● Given information:
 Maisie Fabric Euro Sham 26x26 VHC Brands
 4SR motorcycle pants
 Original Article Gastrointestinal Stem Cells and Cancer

● Try it:
Each of the lines from the one that contains "4SR motorcycle pants" through the last line of the data needs to be repeated exactly, with no others.

● Response to this exercise:
 4SR motorcycle pants
 Original Article Gastrointestinal Stem Cells and Cancer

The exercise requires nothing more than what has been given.